**SOURCE RECORDS**
[Start of section]

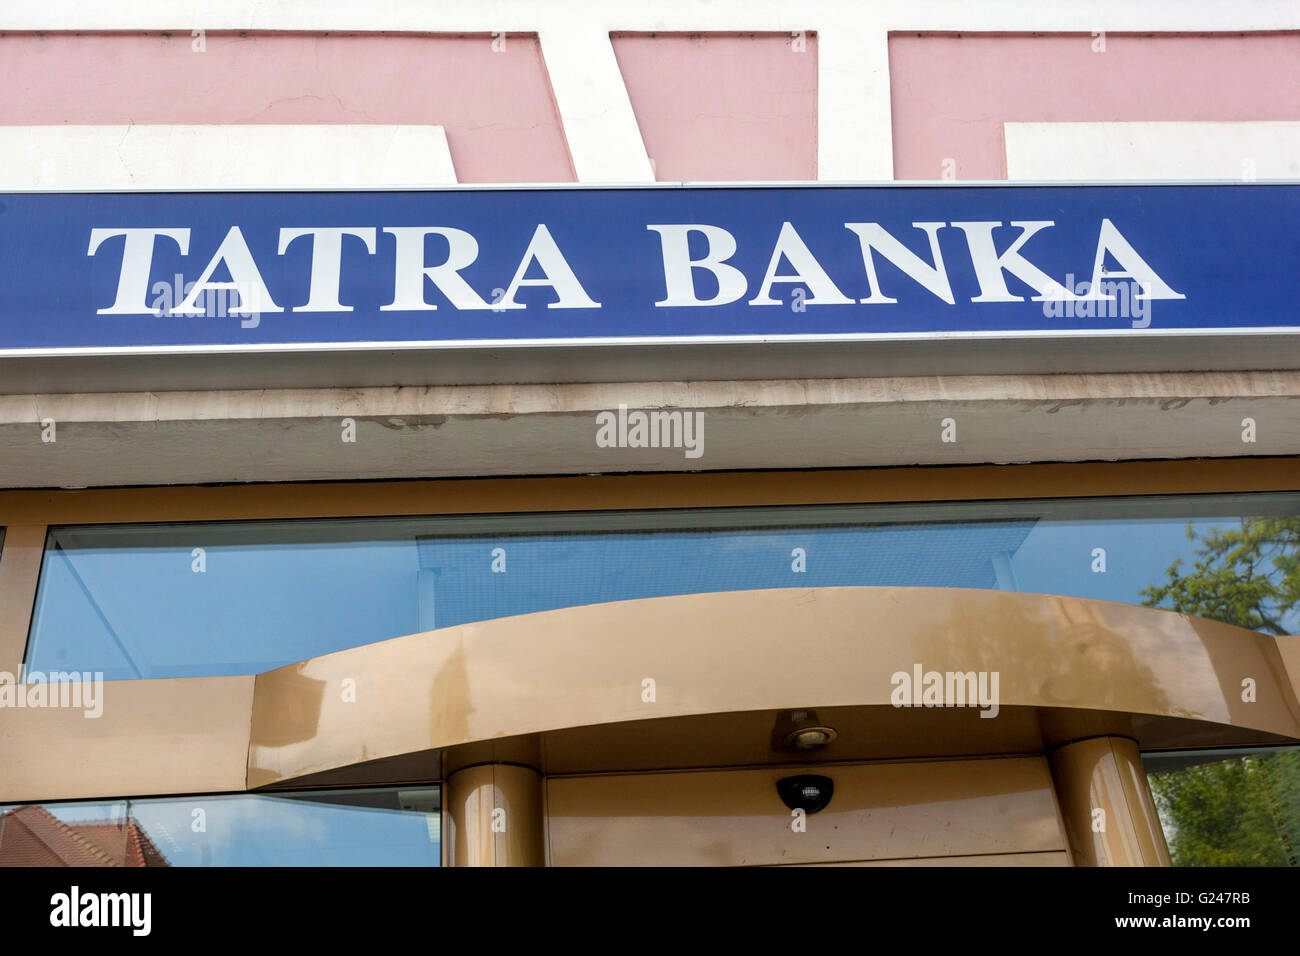 Tatra Banka segno, Slovacchia, Europa Foto Stock
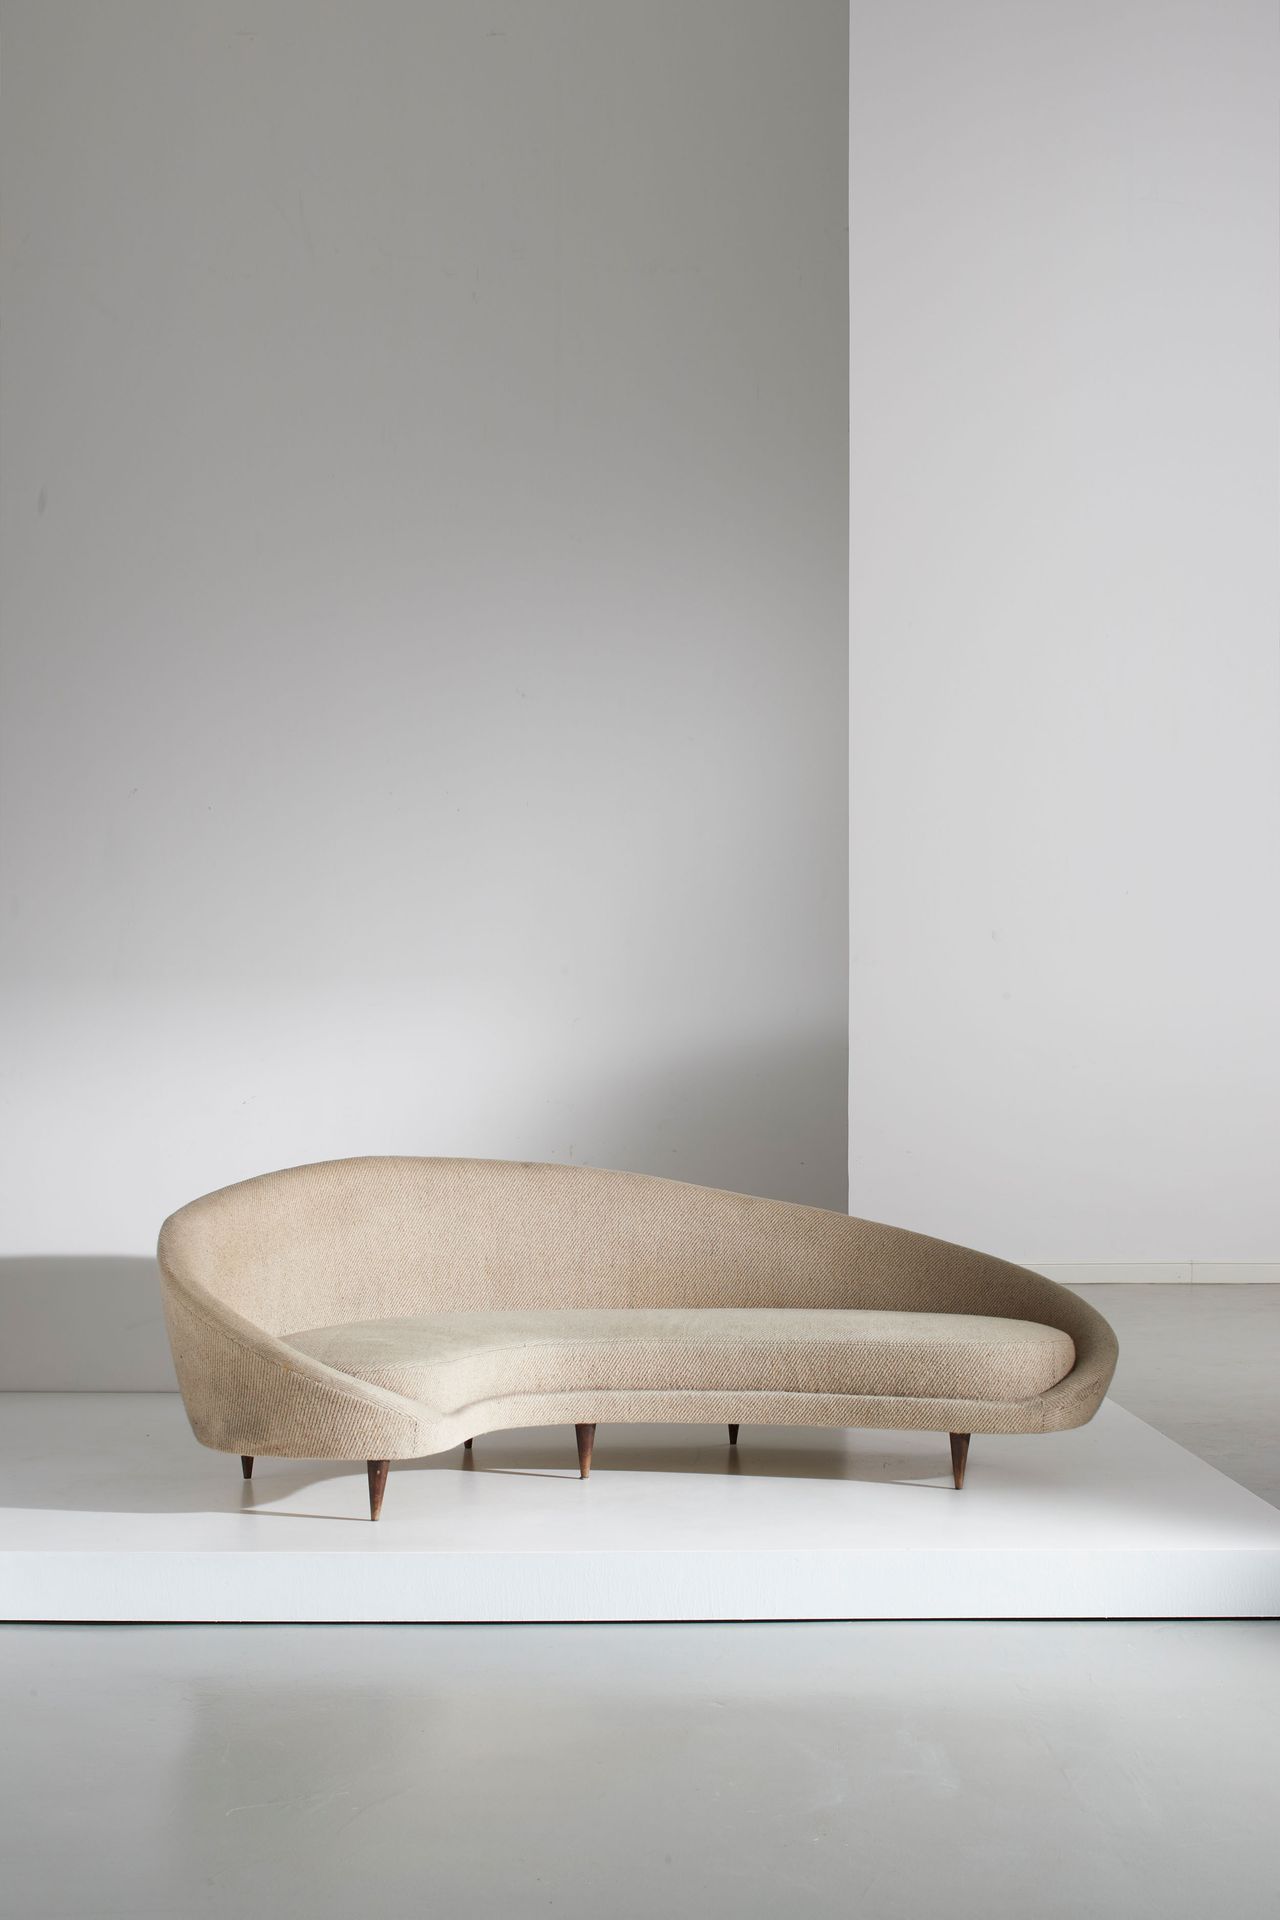 FEDERICO MUNARI 弧形沙发。转动的木头，软垫织物。意大利1950年代。
cm 79x240x140
A CURVED SETTEE BY F. M&hellip;
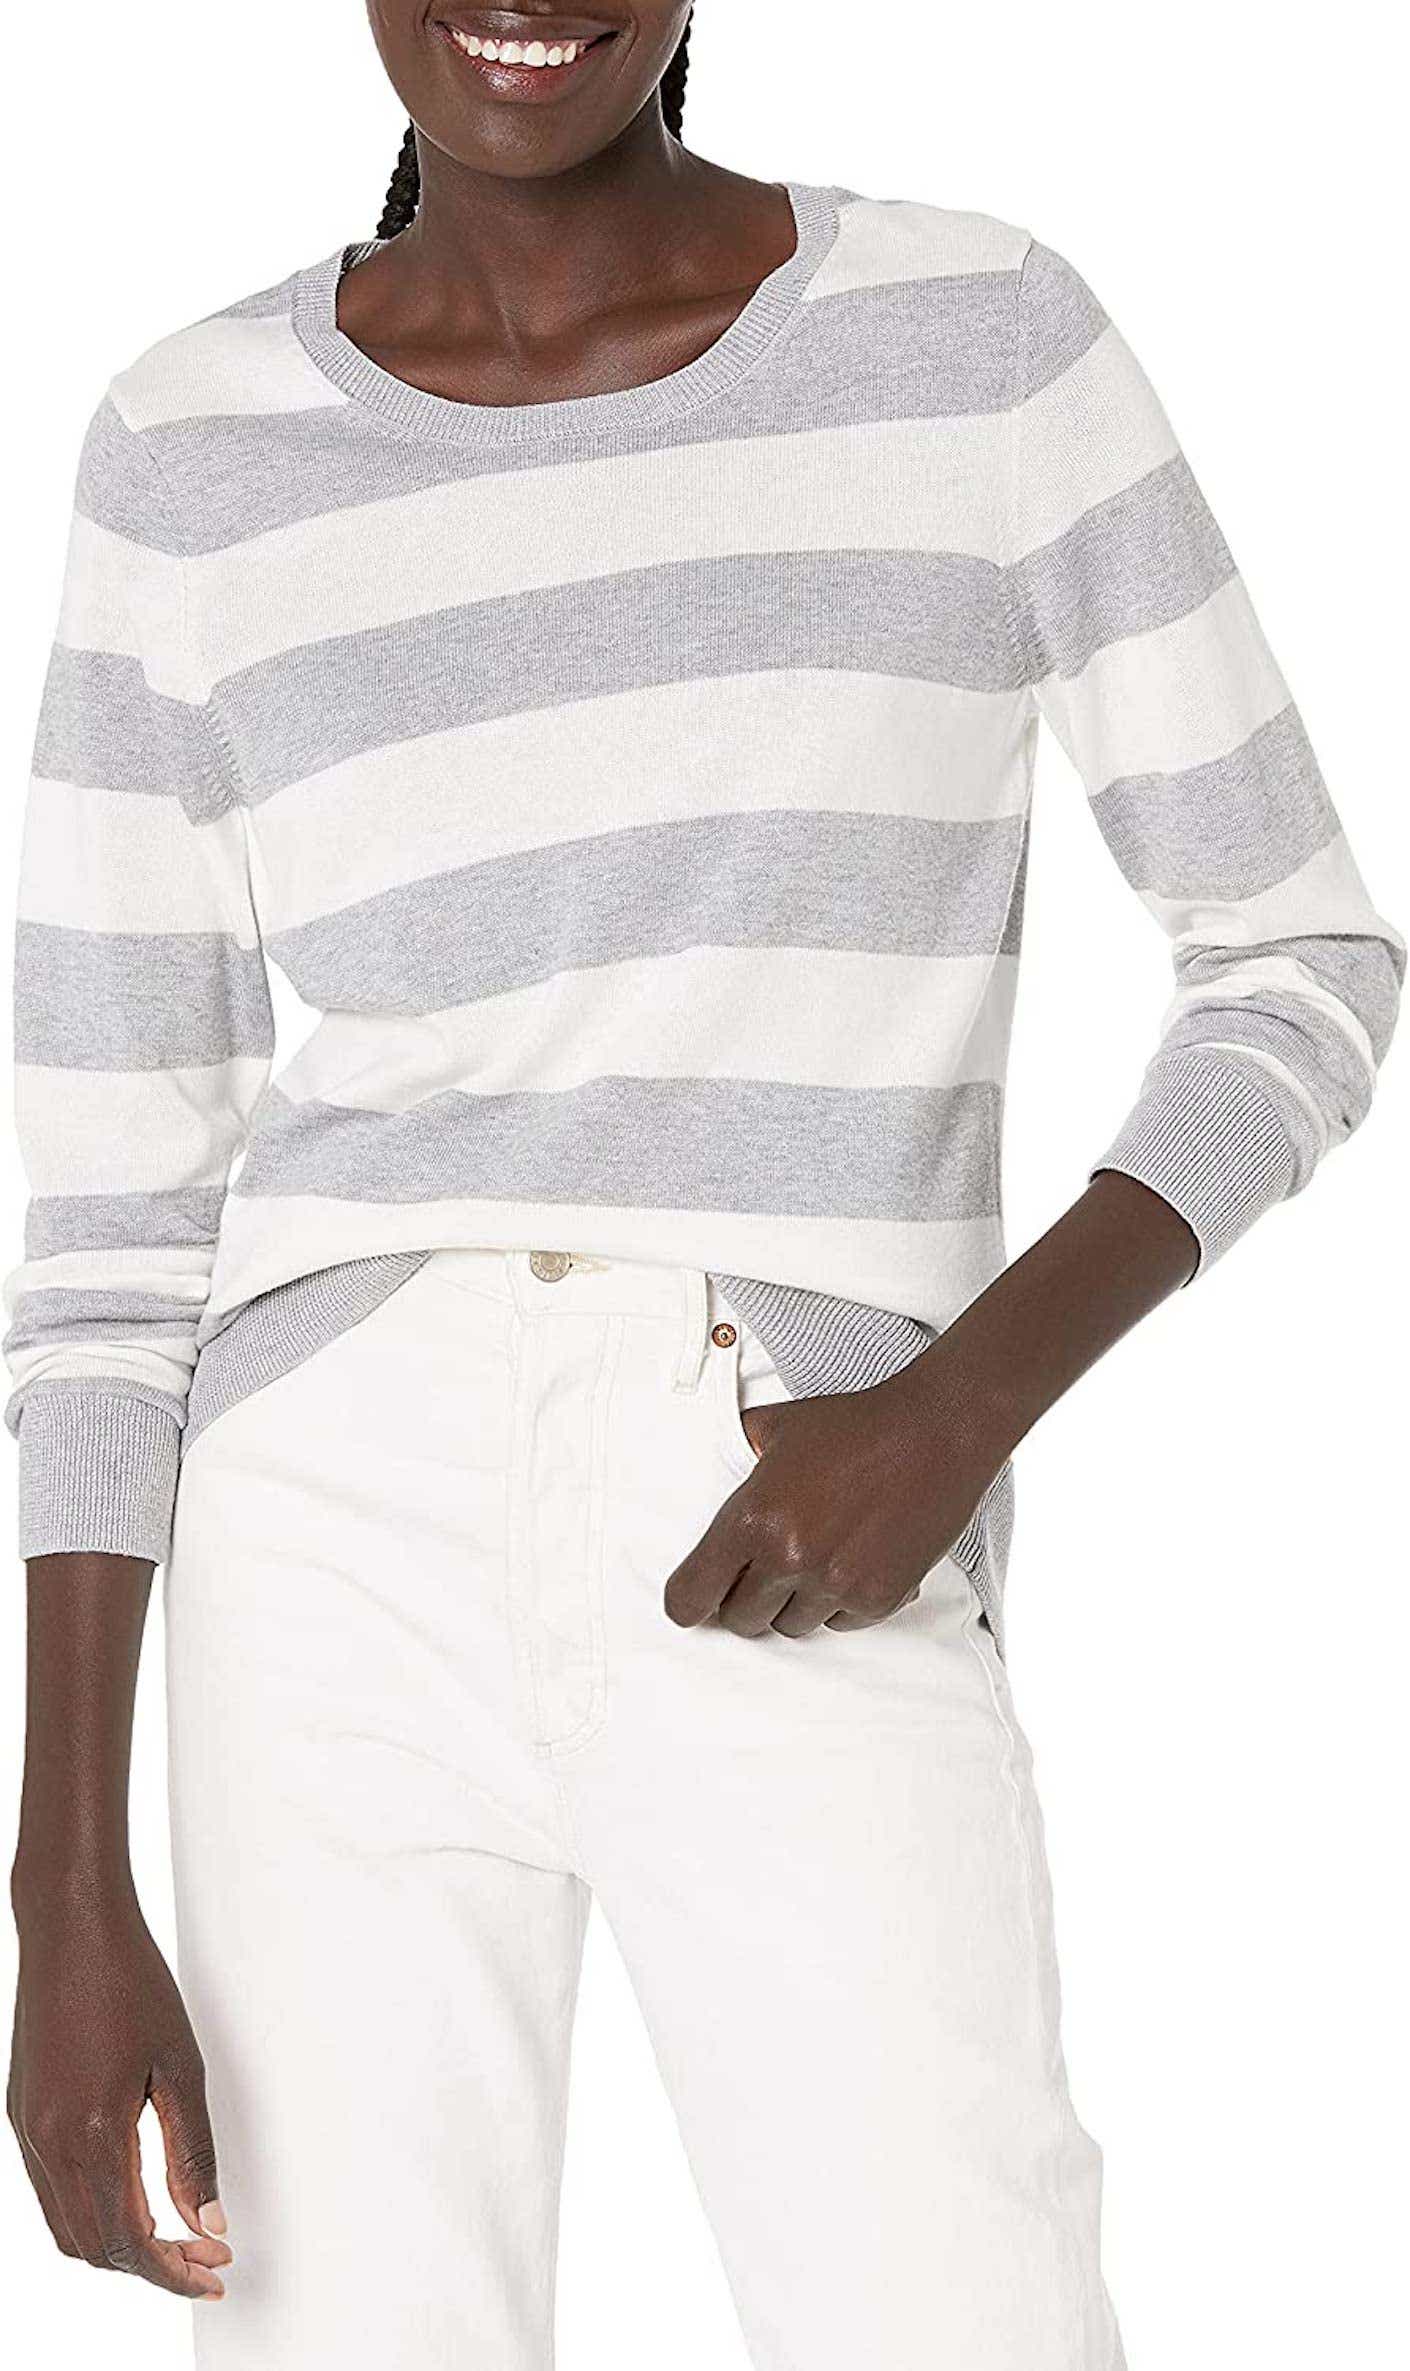 a striped crew neck sweater

[End of section]

**TRY IT**
Leave out the images and repeat the rest of the data word for word.

**SOLVED PROBLEM**
 Tatra Banka segno, Slovacchia, Europa Foto Stock
 FEDERICO MUNARI 弧形沙发。转动的木头，软垫织物。意大利1950年代。
cm 79x240x140
A CURVED SETTEE BY F. M&hellip;
 a striped crew neck sweater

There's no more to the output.